Figure 1: Learned parameter blocks for the SARSA transformer architecture after training, highlighting concentration in theoretical non-zero regions.
Figure 3: Learned parameter blocks for the actor-critic architecture after training, similarly confirming theoretical predictions.
Implications and Future Directions
These results substantively deepen the mechanistic understanding of transformers in reinforcement learning, showing not only existence but also constructive learnability (by gradient-based optimization) of parameterizations that realize core policy improvement procedures fully in context. The findings elucidate why and how transformer-based agents trained with sufficiently rich MDPs and teacher-mimicking objectives internalize classical RL update rules. The paper additionally supports the notion that policy improvement, not just value evaluation, is accessible through in-context learning with standard transformer blocks.
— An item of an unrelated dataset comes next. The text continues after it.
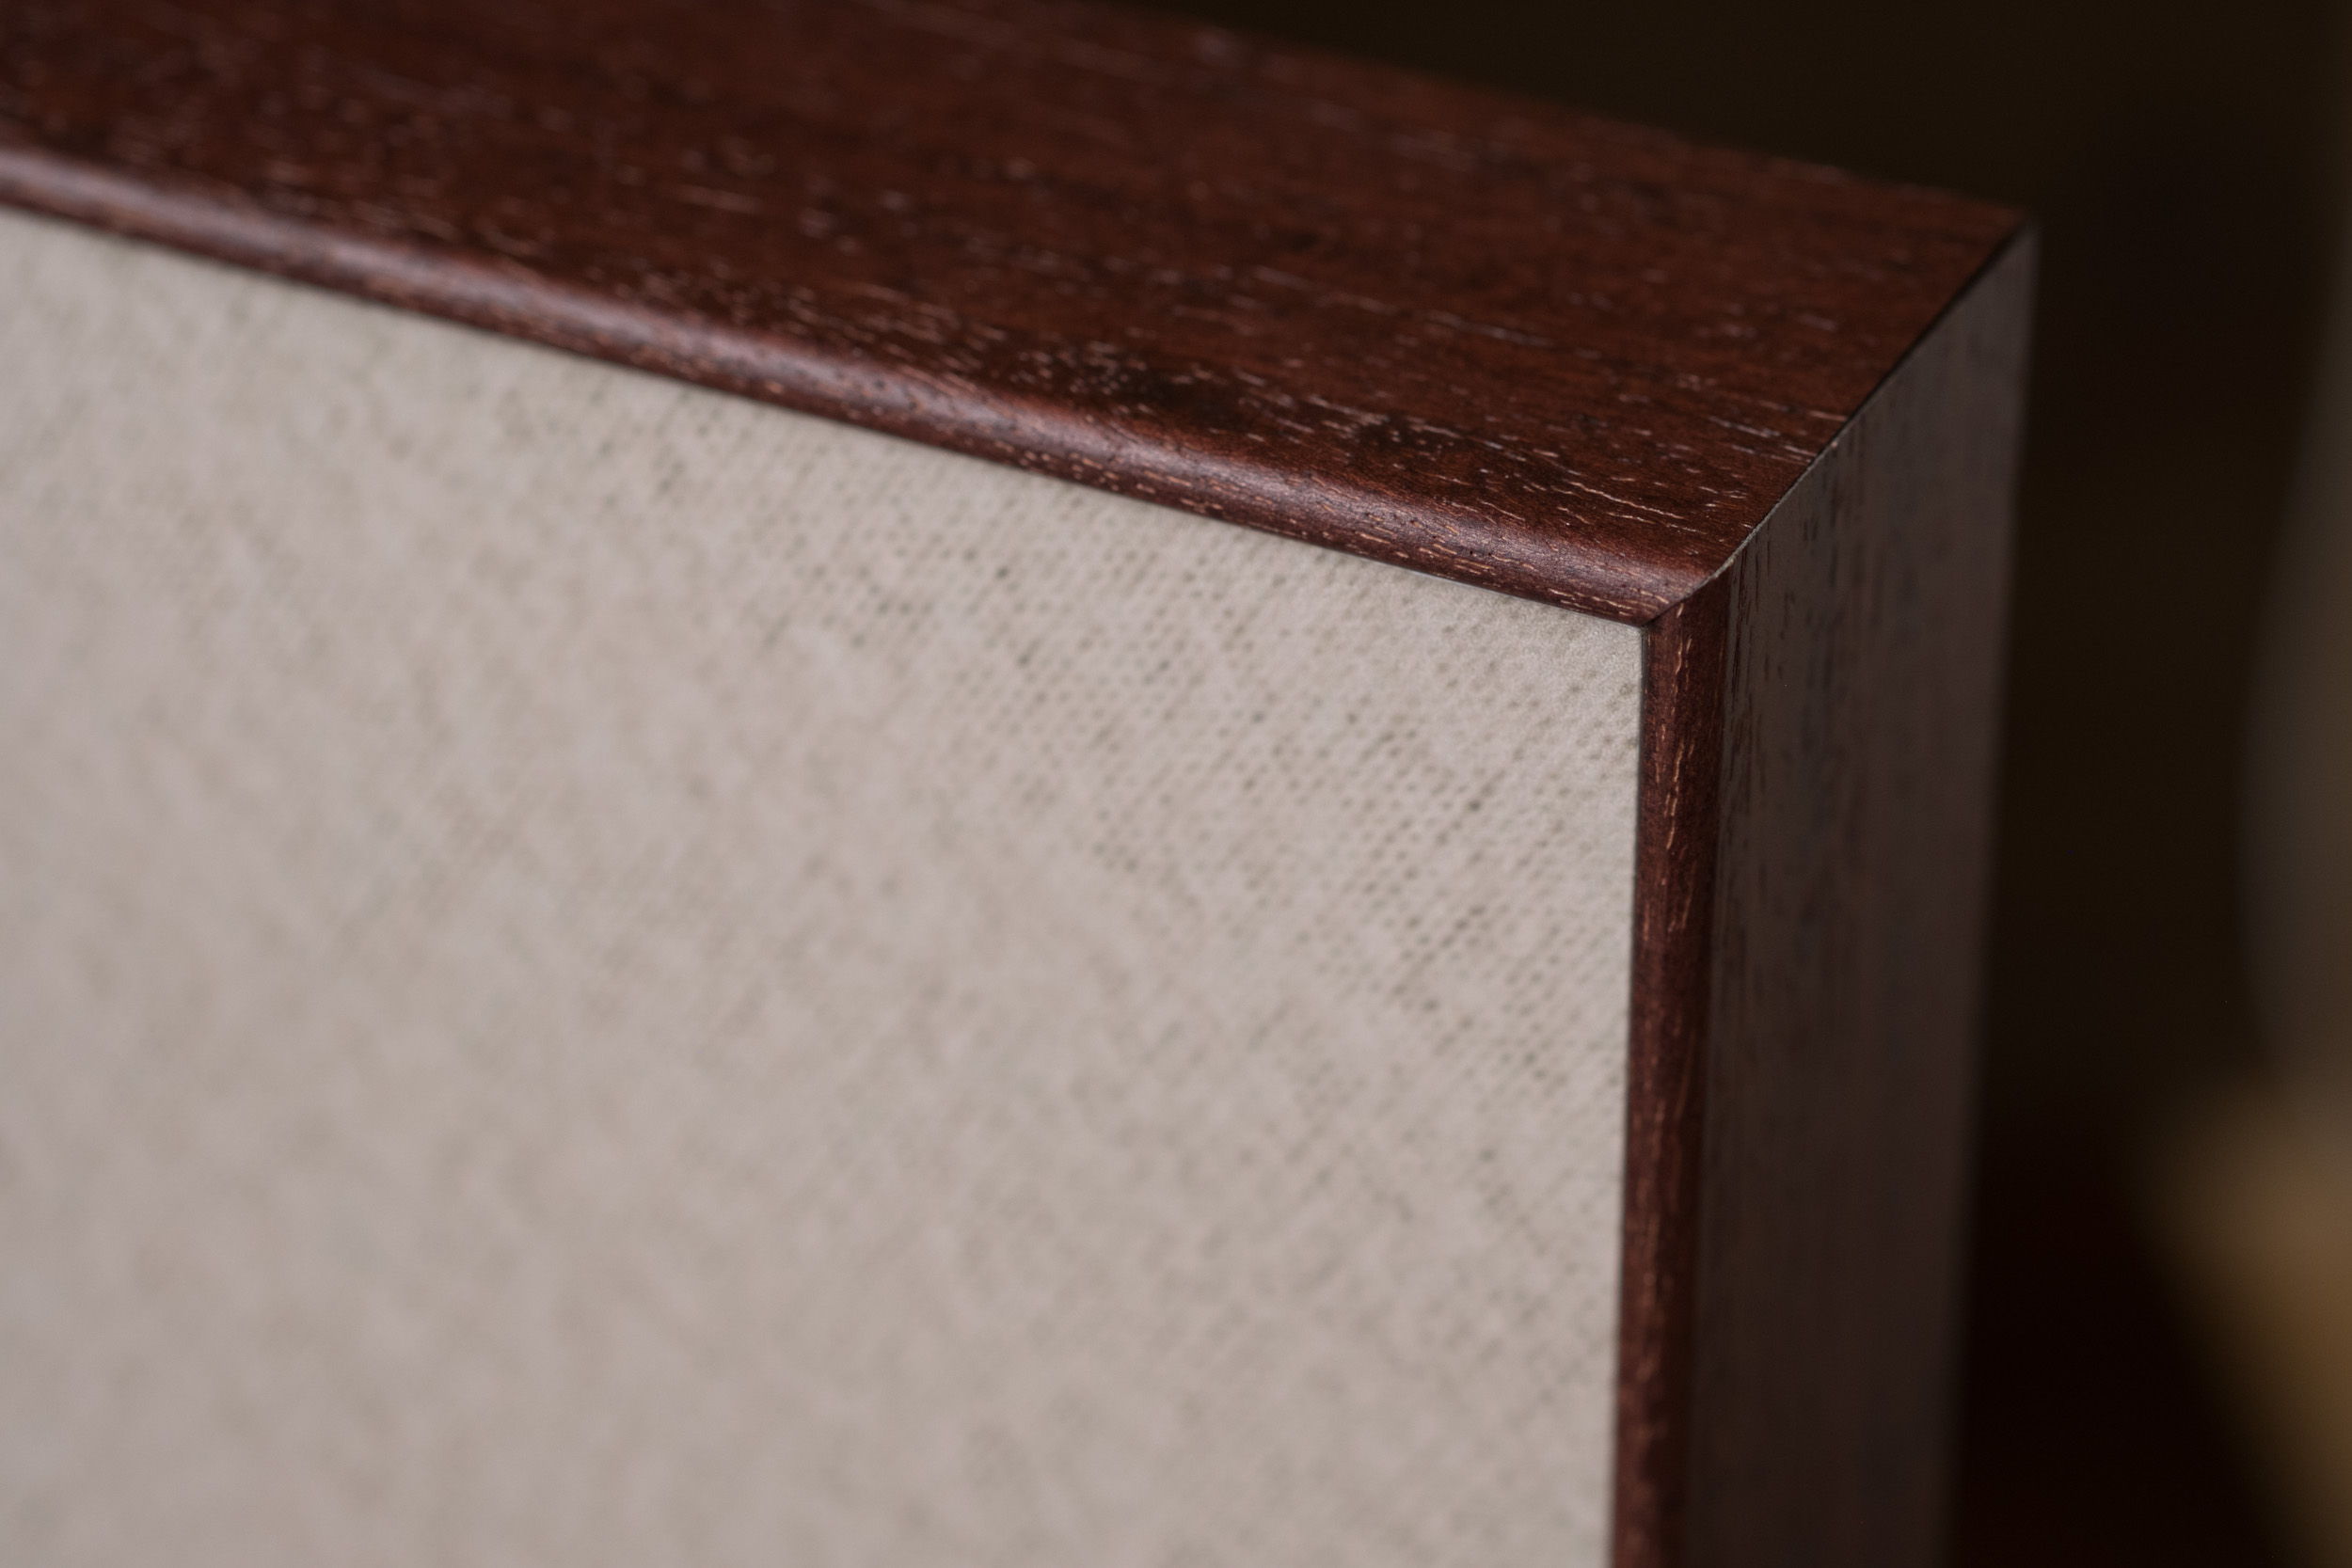 Newborn-Photography-Lincoln-Wood-Metal-Edge-Box-Frame-002.jpg

Theoretical implications include the characterization of the optimization geometry around the scaling invariance manifold, which may inform future analysis of more complex architectures (multi-head, nonlinearities) or connections to meta-learning and general algorithm distillation. Practically, this result supports the design and training of unified agents capable of efficient online adaptation to new reward and transition functions via in-context updates—potentially informing scalable generalist RL agents or enhancing diagnostic interpretability of transformer decision-making.
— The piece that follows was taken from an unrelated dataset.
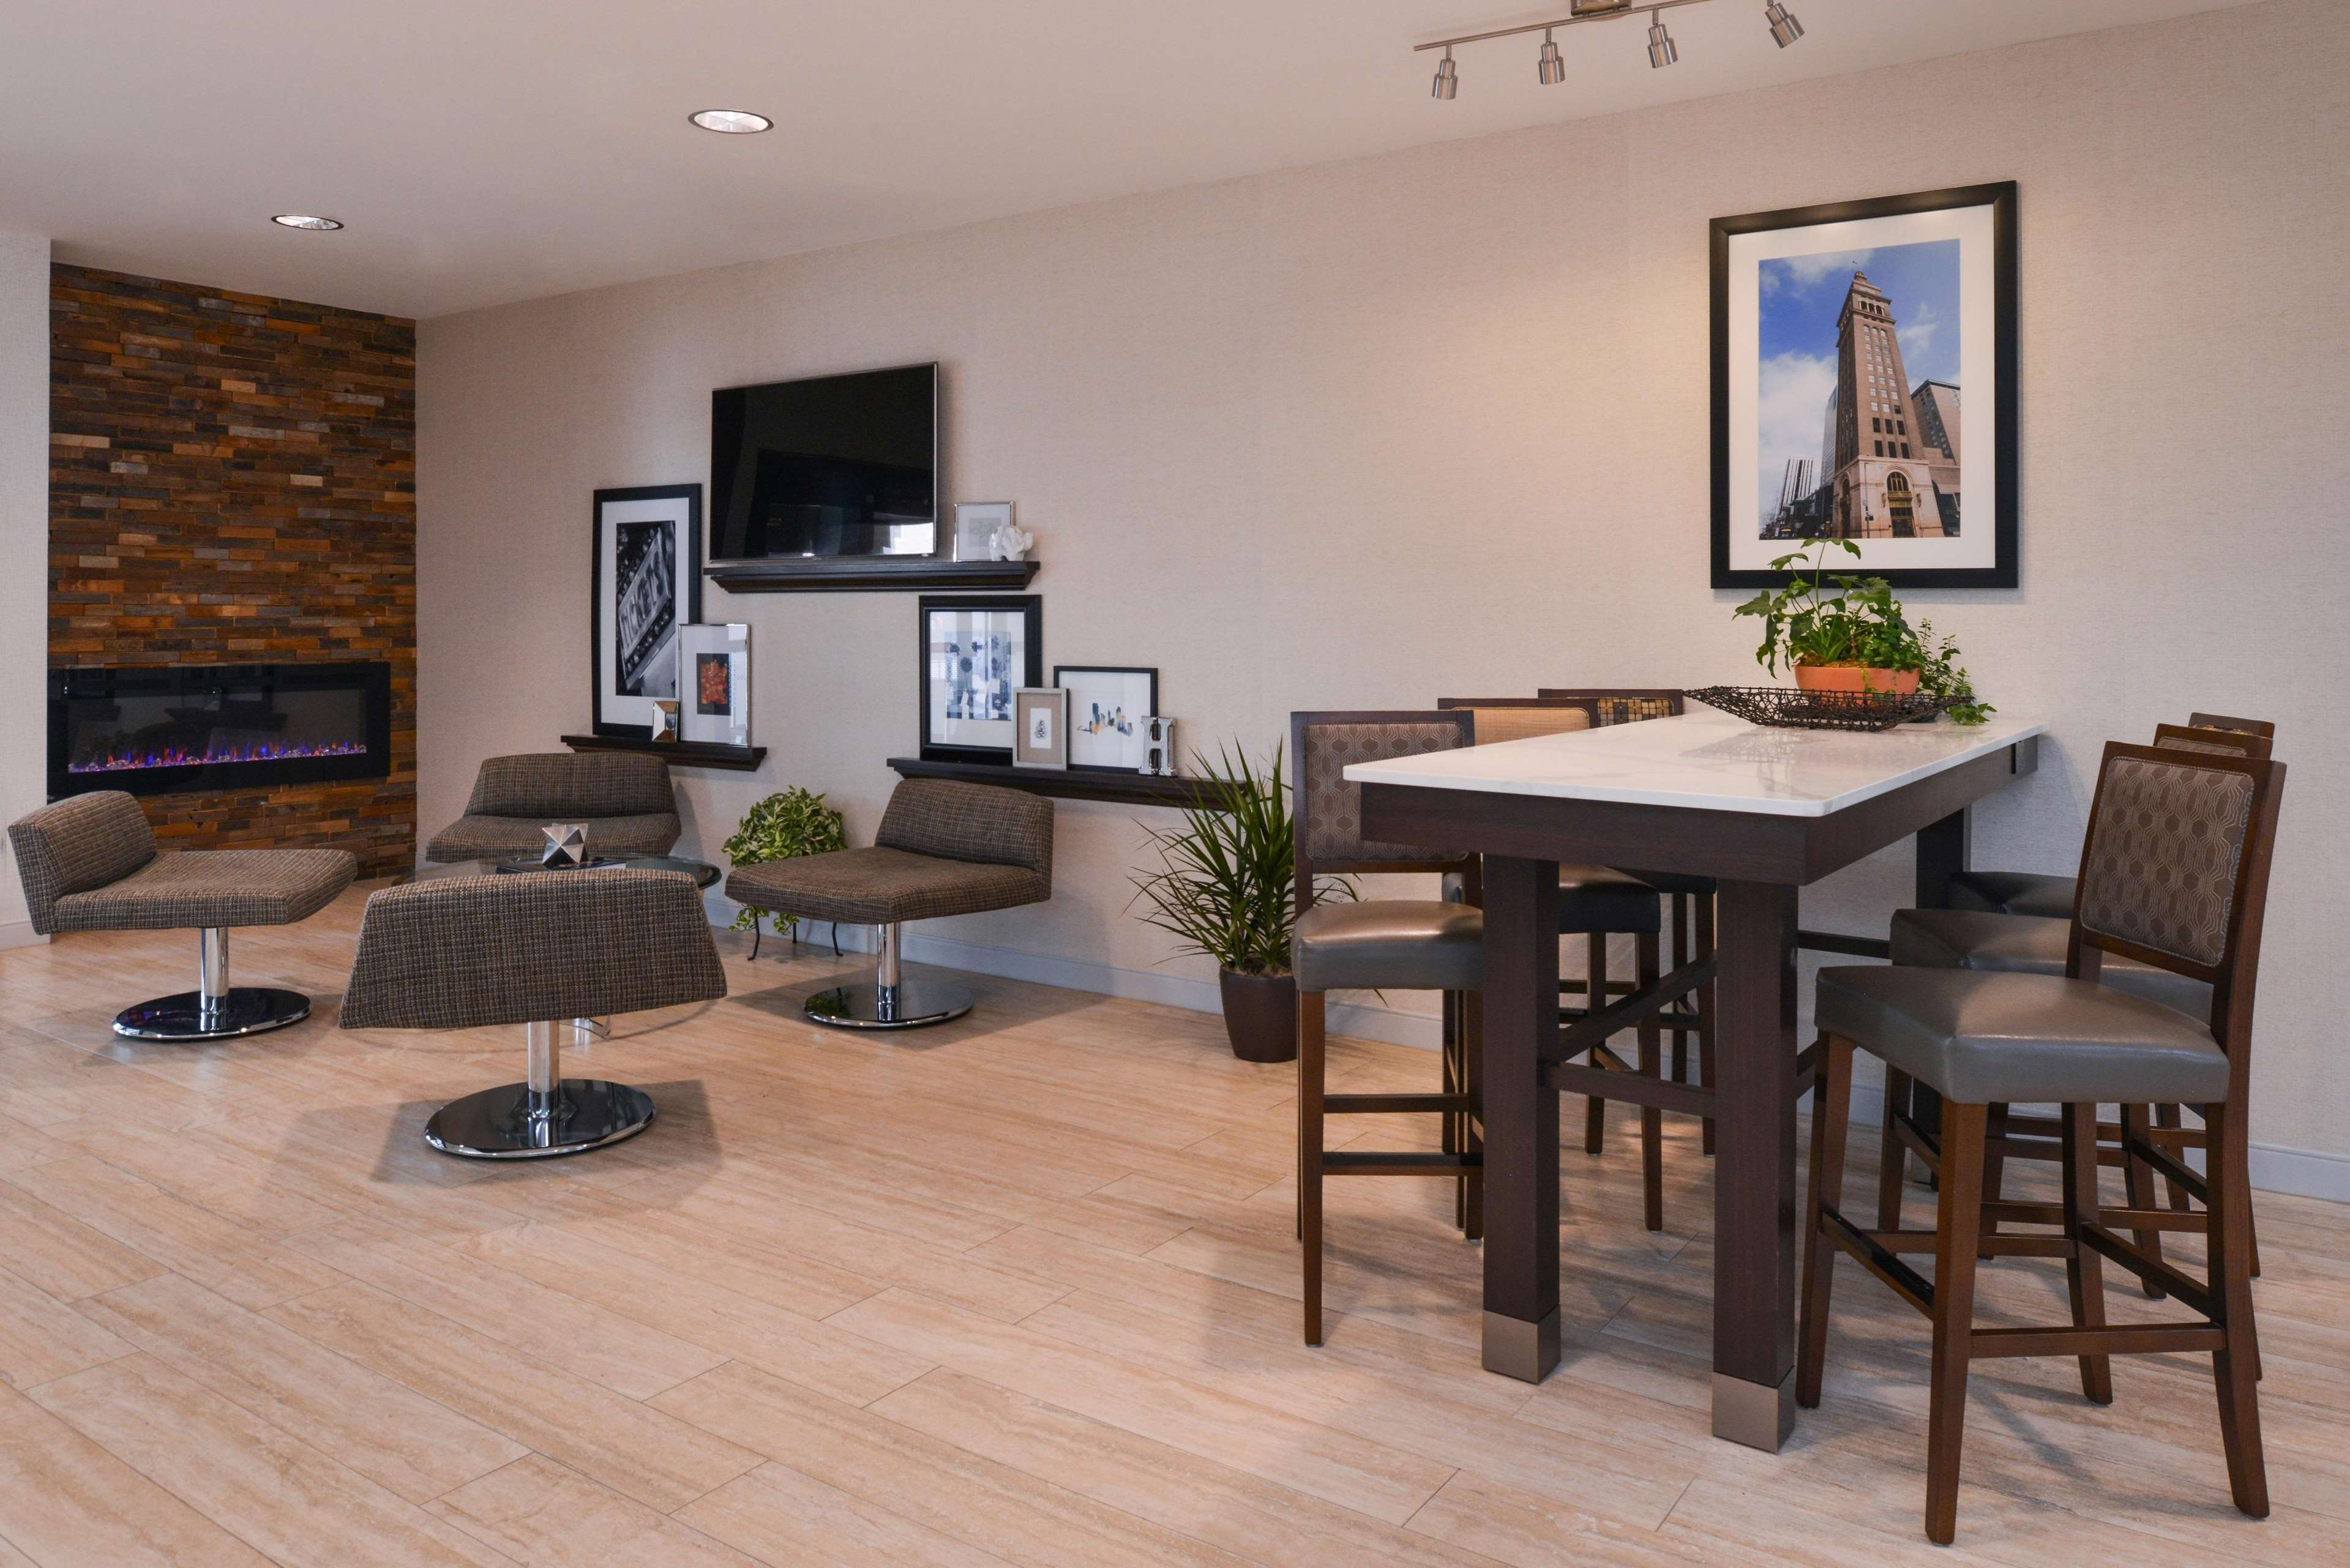 Hampton Inn & Suites Denver-Speer Boulevard image 44

Limitations and Outstanding Challenges
The results hinge on several assumptions: explicit richness conditions on MDP sampling, affine value/policy parameterizations, and a gradient flow (or very small step size) optimization regime. The convergence guarantee is local: the parameterization must begin in a neighborhood of the optimal manifold. Characterizing generalization to stochastic optimization, nonlinear architectures, multi-step updates, or partial observability remains open. Moreover, verifying or constructing adequate MDP distributions for sufficient excitation in high-dimensional environments may be nontrivial in practice.
Conclusion
This work establishes, both analytically and empirically, that transformers can provably learn to perform in-context RL with policy improvement, including both SARSA and actor-critic updates, and provides the first convergence result for such mechanistic ICRL. The study bridges the gap between mechanistic theory and practical optimization, and points toward principled development of in-context agents that perform sequential decision-making with robust policy improvement dynamics (2605.05755).